Danny and Dan were waiting for me - Debbie, Phil and Lesley had gone on to the summit 700 yards away. Now there were two short rocky slopes between us and the top. Upwards we trudged, meeting the others on their way down. Dan ran ahead to bag the summit and then catch up with the others - Danny would kindly stay with me. Finally the summit plateau came into view, and the gentle gradient to the trig point. We'd done it! We basked awhile in the golden evening sun, taking on photographic duties for the Indian party. It was now 5.50pm, and getting back to Horton inside 12 hours was looking unlikely. Still, we set off back along the path at a relative canter, although I knew we weren't going at nowhere near the 4 miles an hour we'd need to stand any chance - we were just too tired.


We've done it!


Danny's mascot, Mr Spider


The Indian team from Harrow celebrate their success (photo: Danny Goh)

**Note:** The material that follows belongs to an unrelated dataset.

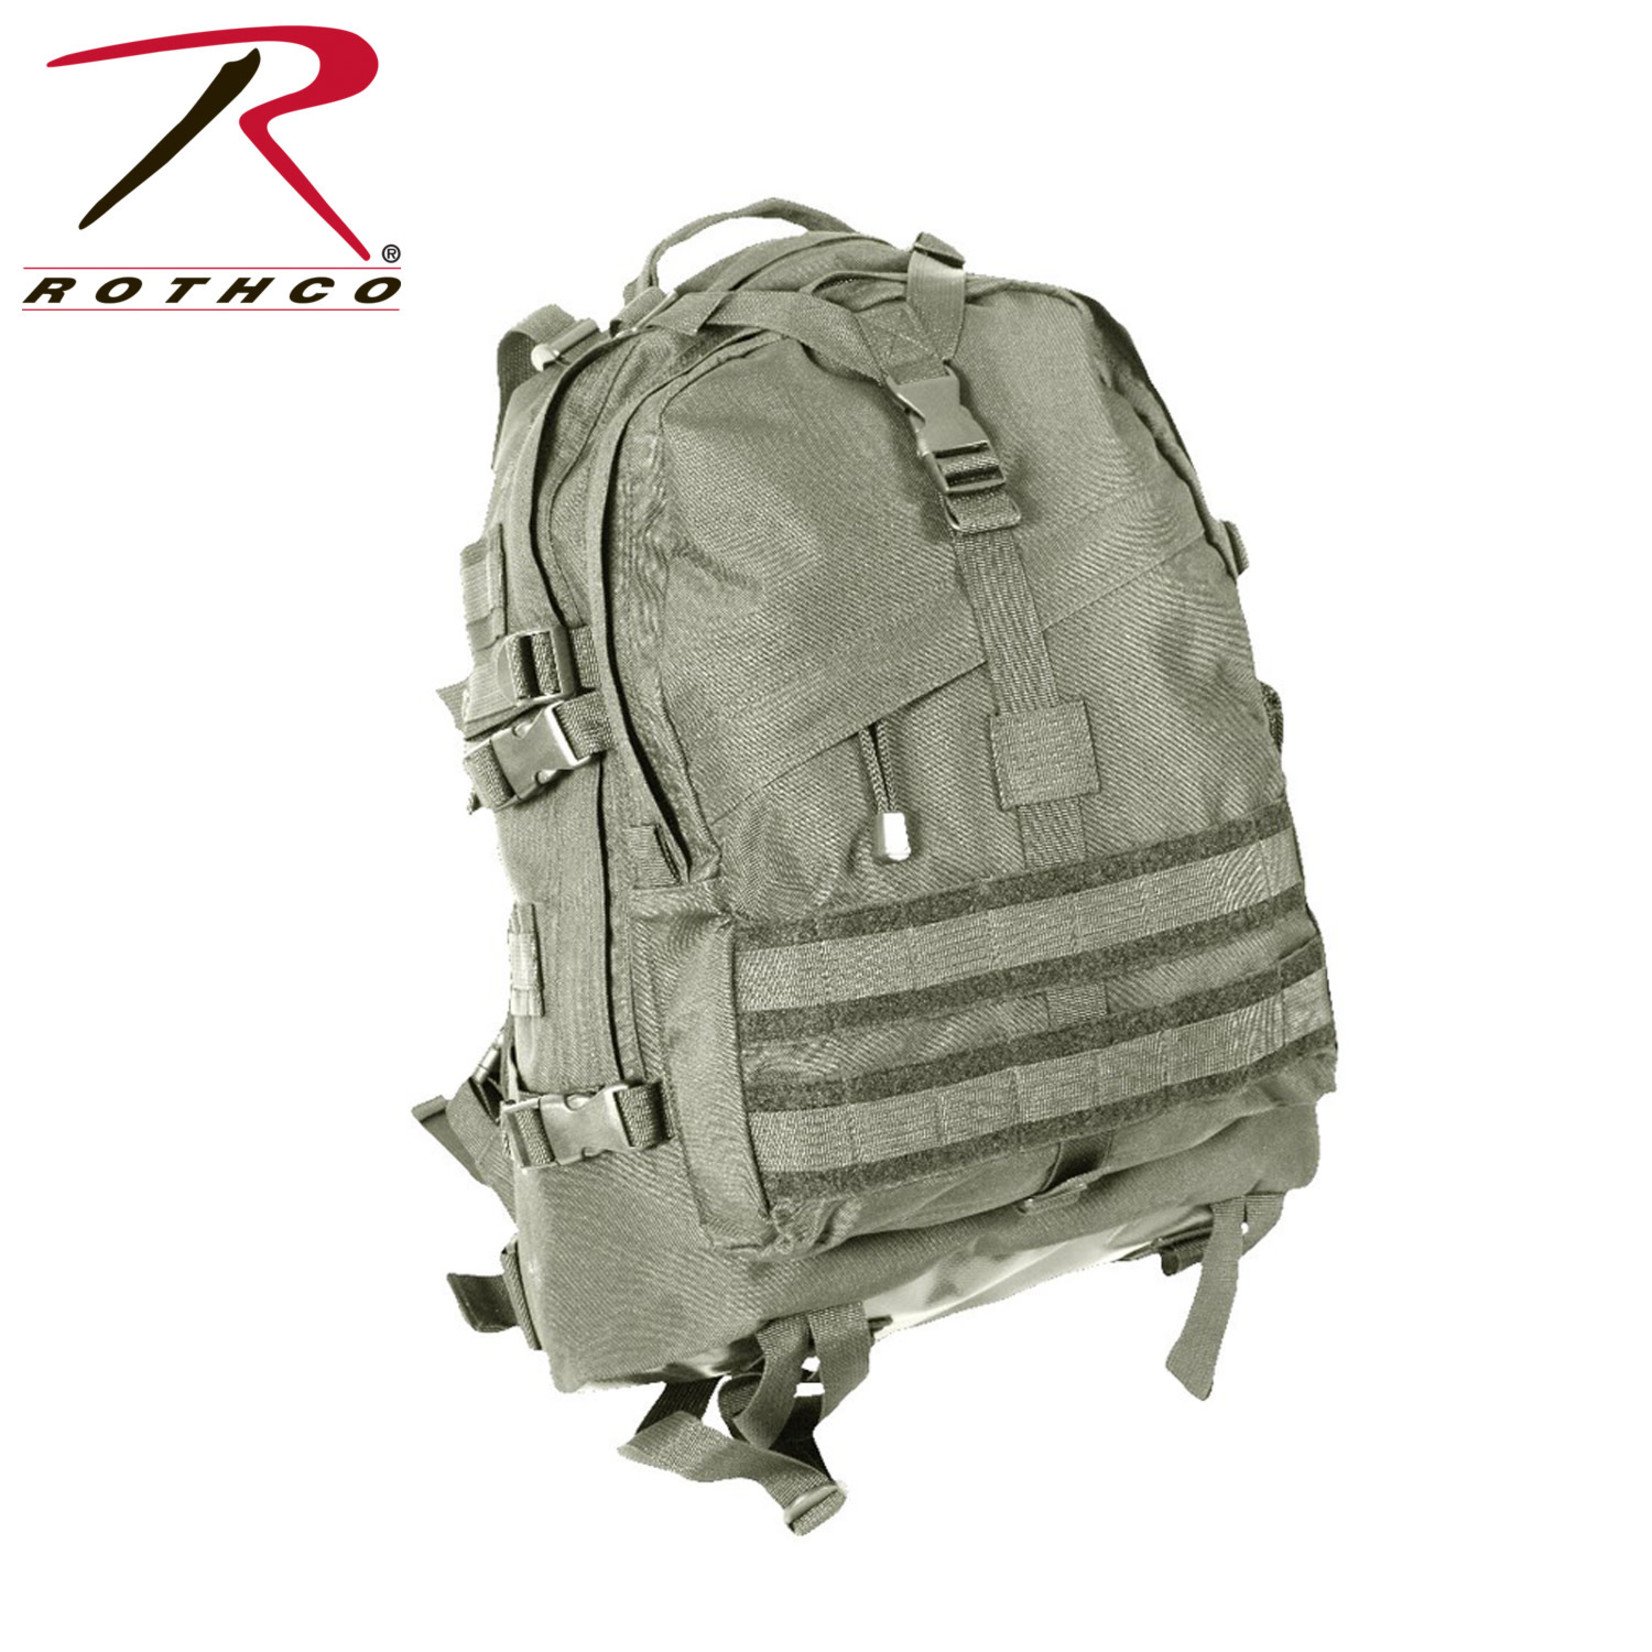 Rothco Rothco Large Transport Backpack

The walk back to Horton from Ingleborough was interminable. The paths were also a bit of a challenge once we got off the hard of Simon Fell, with mud baths to be circumvented or jumped across ditto the lumps of limestone exposed by the erosion - all in all a bit of an obstacle course and not conducive to speed. Psychologically it was hard too as due to a small ridge it is impossible to see Horton until you are almost there, save for a brief glimpse of the far side of the village when you are about a mile away.

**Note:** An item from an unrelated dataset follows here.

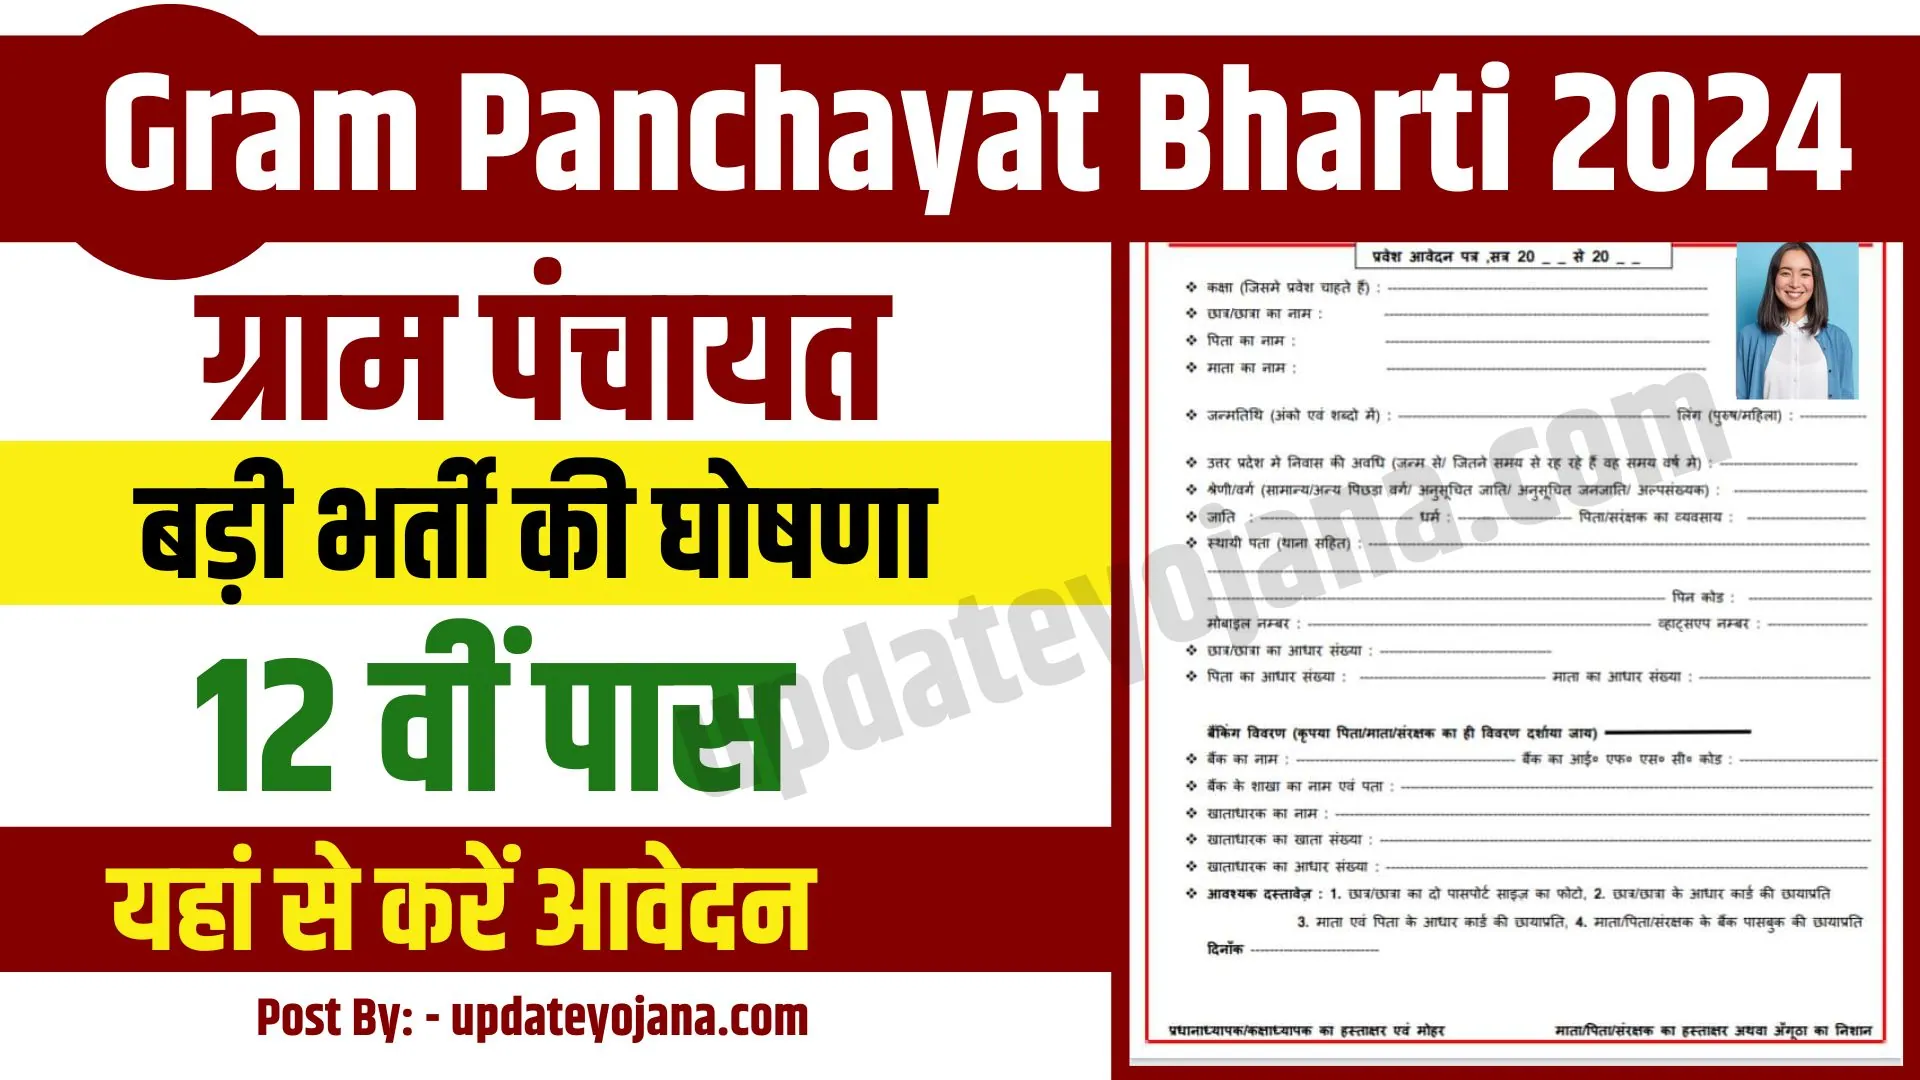 Gram Panchayat Bharti 2024

The sun had almost completely set when we got back, and under the clear skies the temperature was dropping markedly. We walked uphill(!) over the aforementioned ridge to be greeted by the railway station and the lights of the village. "Look! There's some more!" said a girl as we walked into the car park. Certainly there weren't many behind us - probably more than half of those who started must have dropped out at some point. It was now 7.55pm, and would be 7.58 before I could get to the cafe. 12 hours and 38 minutes, the hypoglycaemic episode had cost me - the others (by now in The Crown) had managed it a whole hour faster in the end. Still, at least I'd done it - only now I'll have to do it again!

Looking back at Ingleborough as the sun goes down - still nearly an hour to go until we were back in Horton

Video: Chapel-le-Dale to The Crown, Horton-in-Ribblesdale
(via Ingleborough, of course!). Recovering with a pint of Black Sheep...

1 comment:

Jen said...

More fantastic photographs! I feel a little exhausted just hearing about that mighty trek!